The following provides a description of a video search apparatus according to an embodiment of the present invention.
Referring to fig. 5, fig. 5 is a schematic structural diagram of a video search apparatus according to an embodiment of the present invention. The embodiment of the invention provides a video searching device, which comprises:
an extraction module 31, configured to extract a face image from a video frame of a target video;
a first searching module 32, configured to search a sample face image matched with the face image from a pre-established database, and use the sample face image as a matched face image, where the database includes: a plurality of sample face images, a person ID corresponding to each sample face image, and an associated video associated with each person ID;
a second searching module 33, configured to search, from the database, a person ID corresponding to the matched face image, and use the person ID corresponding to the matched face image as a target person ID;
and a third searching module 34, configured to search, according to the target person ID, the associated video associated with the target person ID from the database.
In the embodiment of the invention, the face image in the video frame of the target video is utilized to determine the target person ID matched with the face image from the database, so that the associated video associated with the target person ID can be searched, and the associated video associated with the target person ID can be automatically searched. Not only reduces the operation steps of the user and improves the user experience effect, but also does not need maintenance personnel to mark the videos of all short video participation characters, reduces the labor cost and improves the efficiency of searching the videos.
In a possible implementation manner, the extraction module is specifically configured to extract a specified face image from a video frame of a target video selected by a user.
In a possible implementation manner, the extraction module is specifically configured to extract a plurality of face images from a plurality of video frames of a target video;
the device further comprises:
the statistical module is used for counting the matching times of each matched face image matched from the database;
the generating module is used for generating a target person list comprising the person ID corresponding to each matched face image according to the matching times, and the target person IDs in the target person list are arranged according to the sequence from large to small of the matching times;
and the display module is used for displaying the target character list.
In a possible implementation manner, the extraction module is specifically configured to extract a plurality of face images from a plurality of video frames of a target video;
the device further comprises:
and the processing module is used for associating the target video with the target person ID in the database if the matching times of the matched face images corresponding to the target person ID reach the preset matching times and the target video does not exist in the searched associated video associated with the target person ID.
In one possible implementation, the apparatus further includes:
the fourth searching module is used for searching a similar movie and television series meeting preset similar conditions with the target video from the associated video associated with the target character ID if the target video is the short video;
and the selection module is used for selecting the movies to be recommended from the similar movies.

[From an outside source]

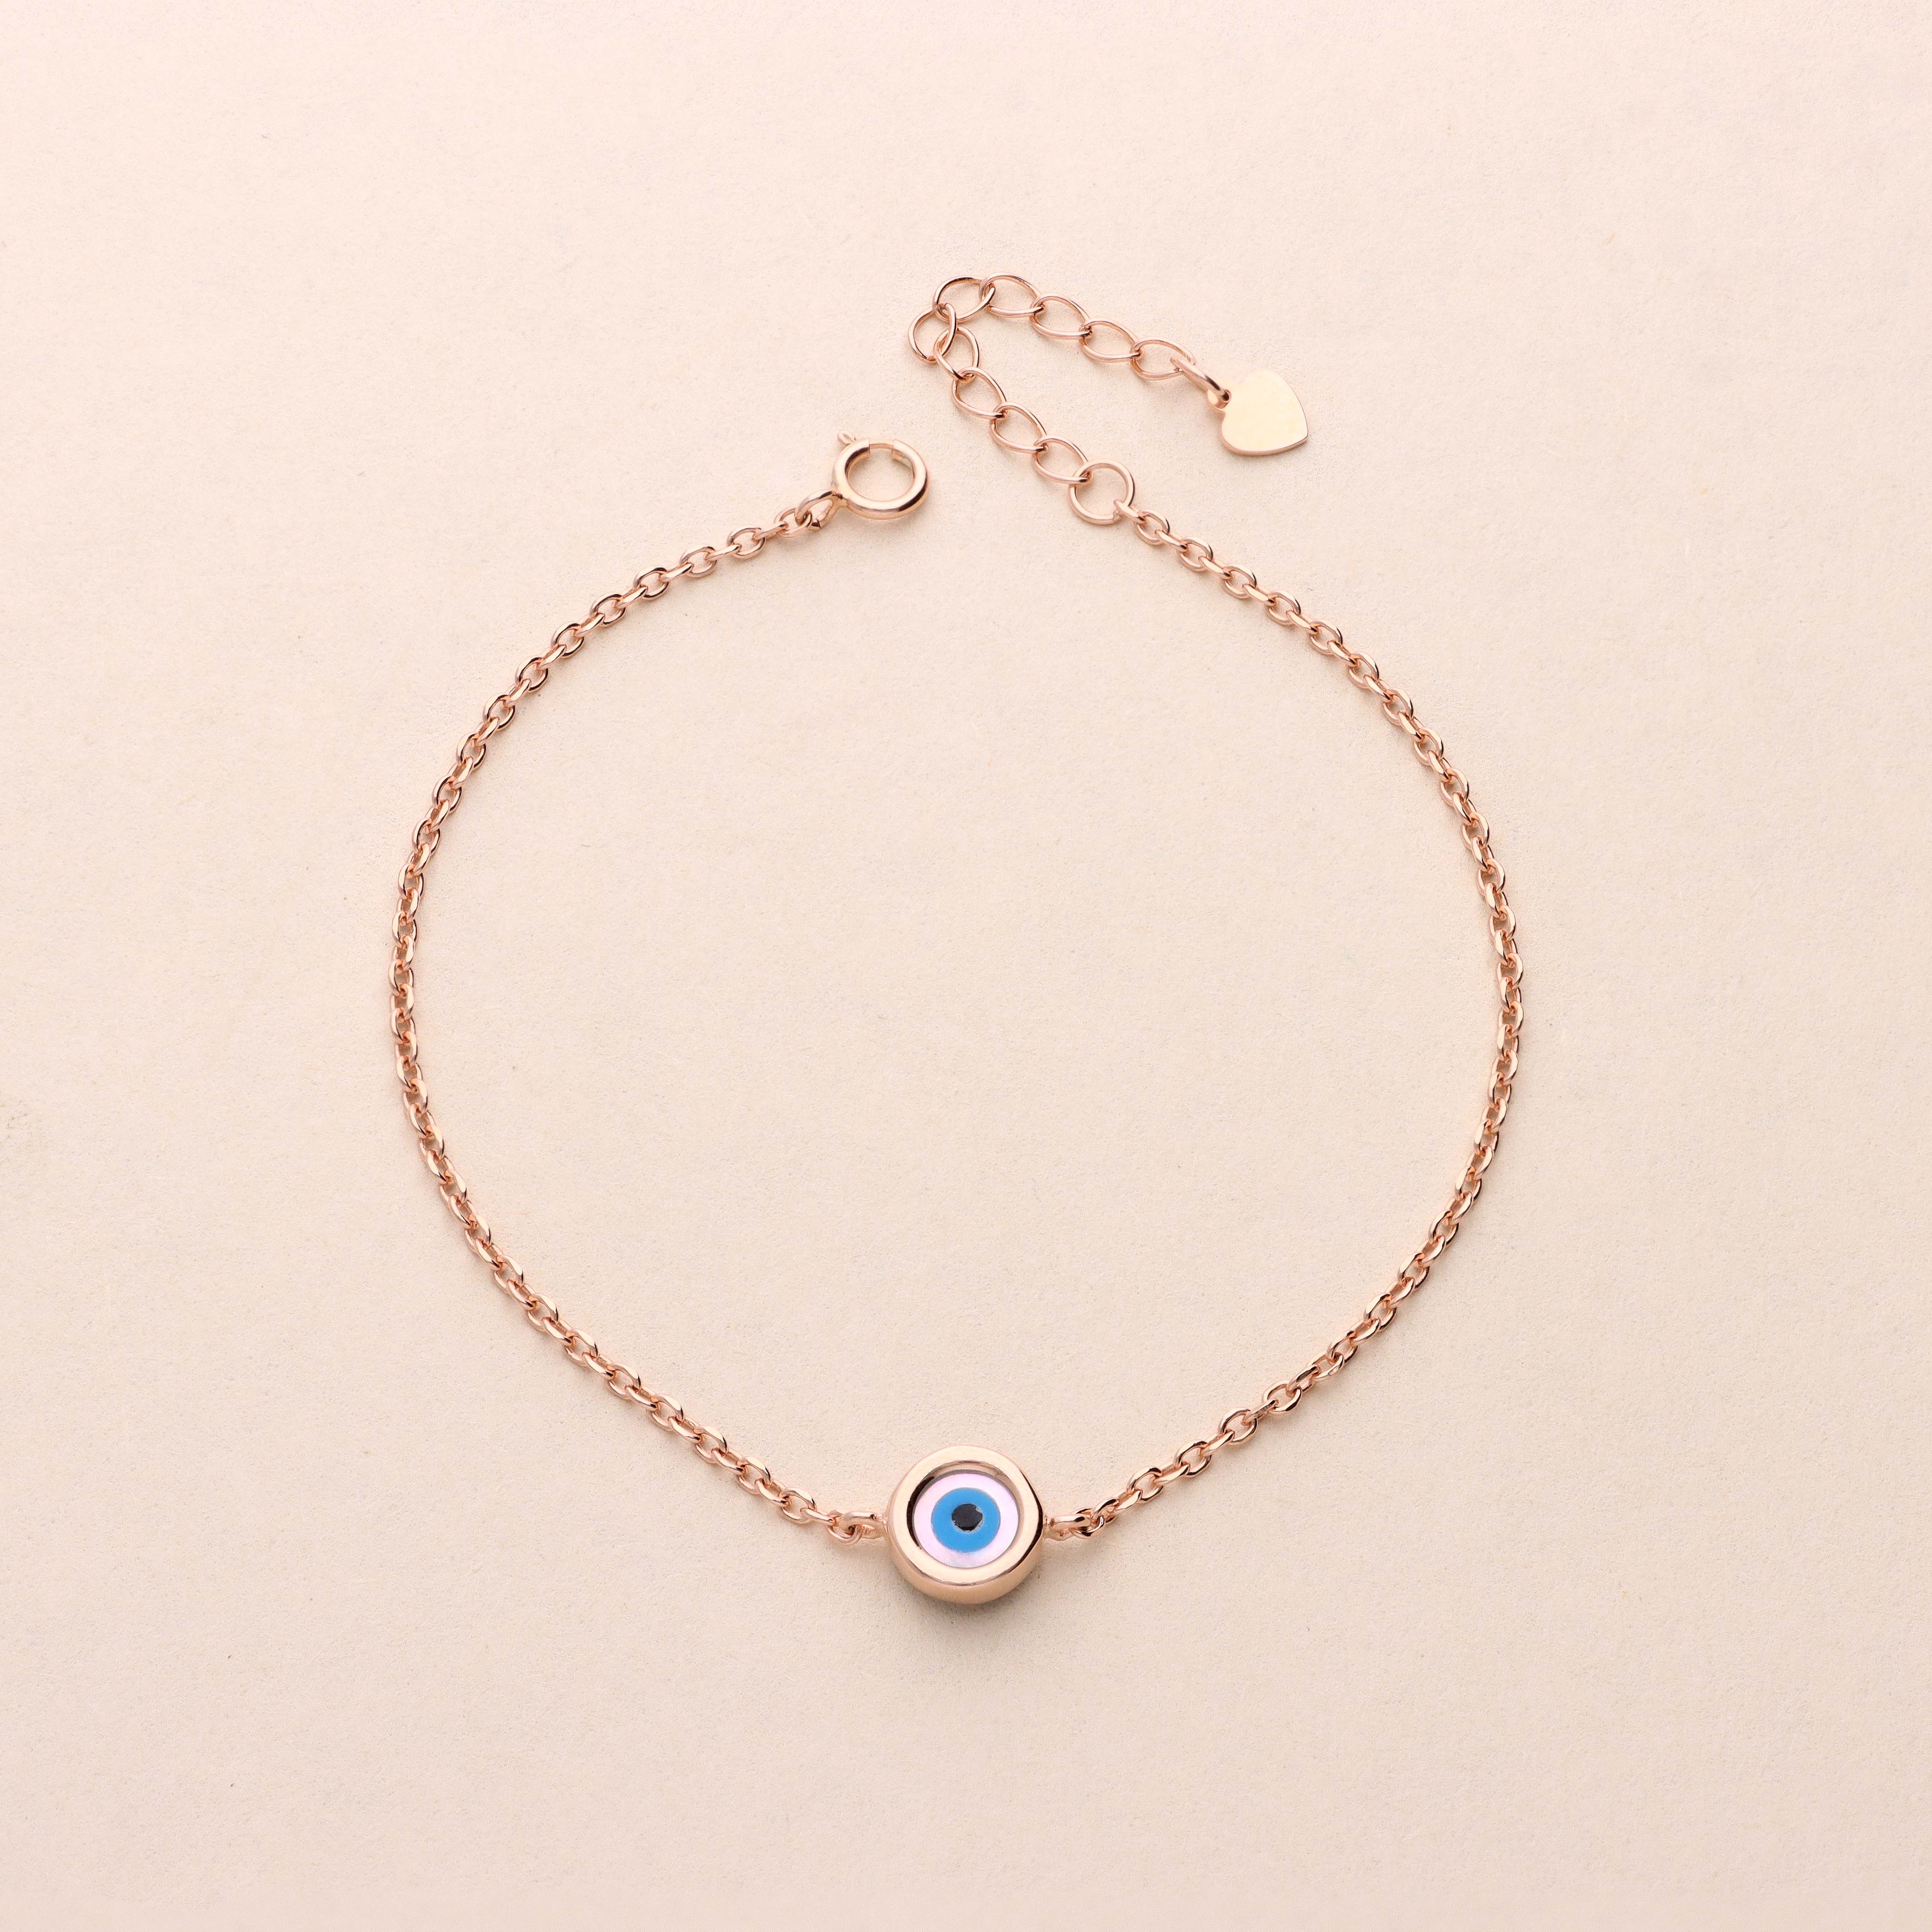 Amazon.com: 2 Pieces Set Evil Eye Bracelet-Blue Evil Eye Bead Bracelet for  Women Girls-Turkey Lucky Protection Jewelry & Accessories (Blue, Evil Eye  Bracelet) : Handmade Products
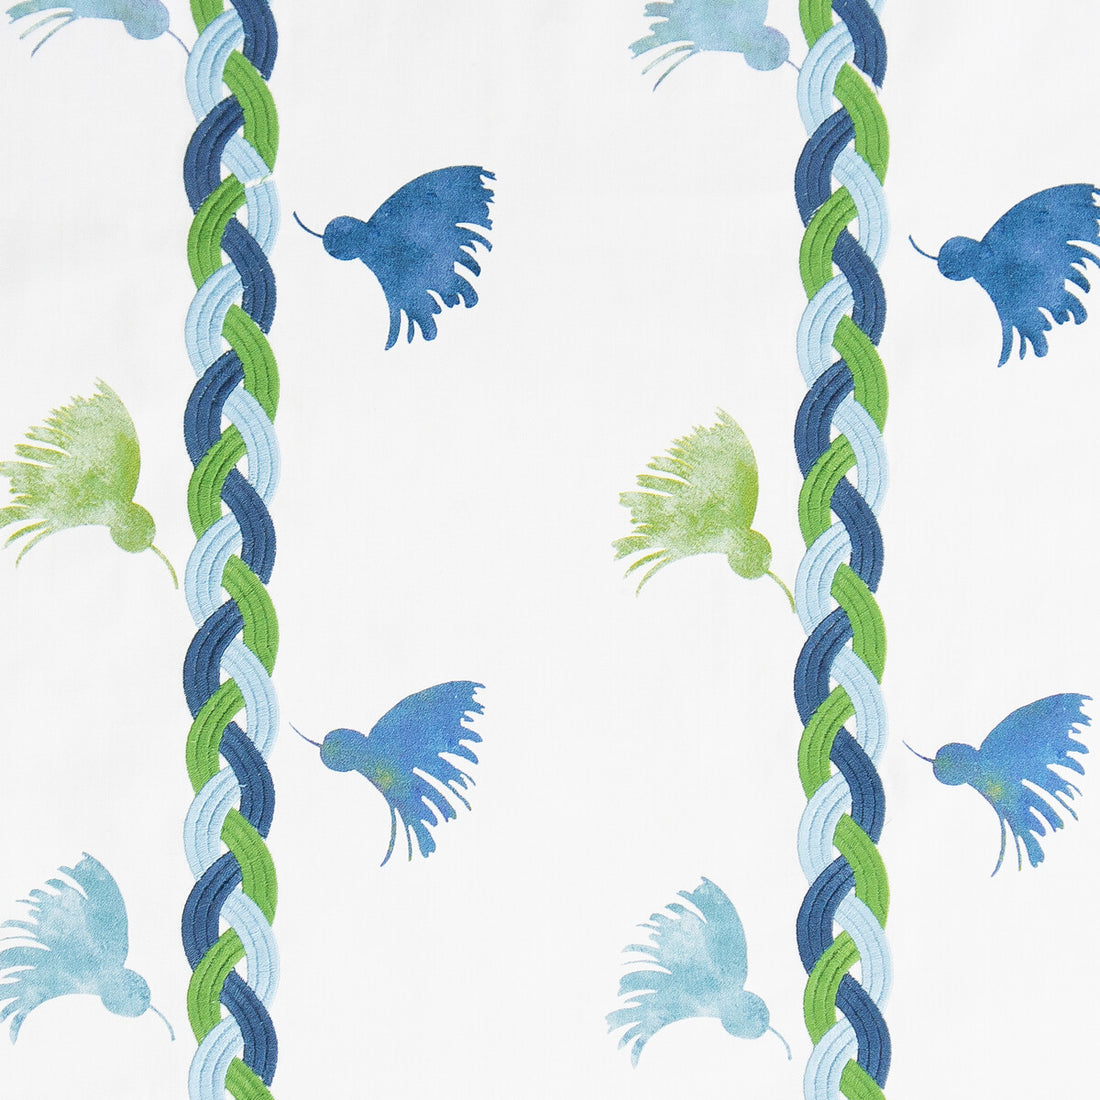 Reina Roja fabric in verde/azul color - pattern GDT5603.003.0 - by Gaston y Daniela in the Gaston Nuevo Mundo collection

In a possible implementation manner, the fourth searching module is specifically configured to search, from the associated video associated with the target person ID, a movie associated with the target video according to a pre-established video association relationship, and use the movie associated with the target video as a similar movie, where a preset similar condition is satisfied between a short video and the movie associated with the video association relationship.
In a possible implementation manner, the preset similarity condition is that the similarity is greater than a preset similarity threshold;
the selection module is specifically configured to select a similar movie and television play with the greatest similarity to the target video from the similar movie and television plays, and to take the similar movie and television play with the greatest similarity to the target video as a movie and television play to be recommended.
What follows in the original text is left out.